Replies are listed 'Best First'.
Re: Reading, filtering one collumns' data, writing
by Marshall (Canon) on Nov 23, 2022 at 18:00 UTC
    It looks like there was a failed attempt to establish a session with a mysql server? Then I guess you got a CSV file with the data you wanted?

    Some recommendations:

    1. Manually import this CSV into an Excel spreadsheet to see what Excel itself makes of it. Under File, Open, then Excel will see that this is a CSV file and will give options on how to import it.
    2. To parse the CSV file, you should use Text::CSV. This: my @t= split(',',<FH>); is not what you want. The CSV format looks simple but in fact is devilishly difficult to parse correctly in all boundary cases.
    3. Deciding if a line is of interest or not is probably a regex that you run vs phone number. This: length($t[7]) == 10 may not be a very robust test due to imbedded spaces and the like...I would probably look at what exactly is in the CSV file before I decided what to do about it.
    4. You could put just a few lines of the CSV file between code tags in your post so that we see what it is. Choose carefully lines that illustrate you point (one with 10 digit phone number, one with different phone number) etc...
    5. If you are comfortable with SQL, there is a DBI driver for CSV files. That may or may not work out well for your application. It has been many years since I used this driver, but before SQLite, it was a pretty good tool.

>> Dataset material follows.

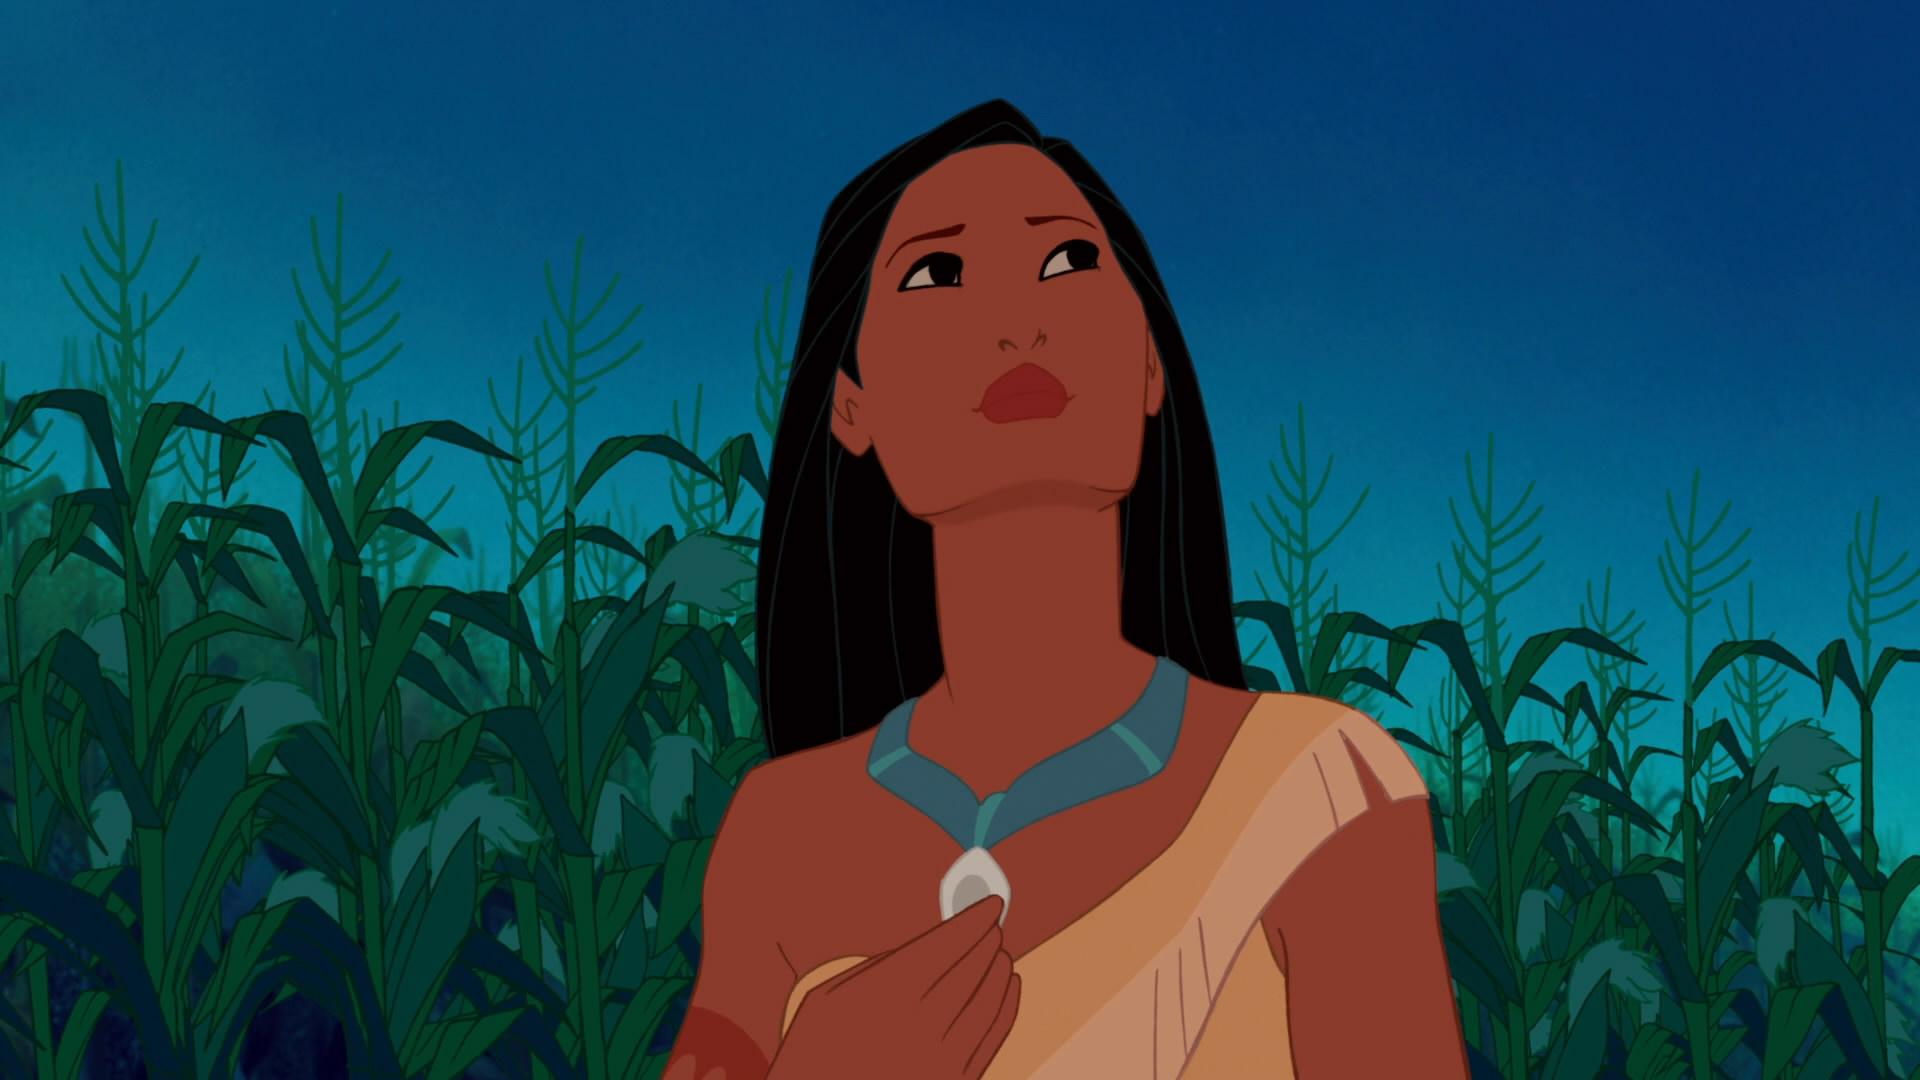 Pocahontas.1995.BluRay.1080p.Rus.Eng.x264-CHD.mkv_snapshot_00.46.12_[2012.04.01_10.36.15].jpg

    Update: See DBD::CSV for some examples of how to open and use your CSV file like a DB.

    while (<FH>){ my @t= split(',',<FH>); ....
    This will throw away half the lines ... the while statement reads a line into $_. The split reads another line.
    This is closer to what you want, but inferior to using Text::CSV. If your CSV has a field with an embedded comma: "343 Anywhere, Apt 12", then split on comma will see that internal comma and you get an "extra" token. Text::CSV will leave that embedded comma "as is".
    while (<FH>){ chomp; my @t= split(',',$_);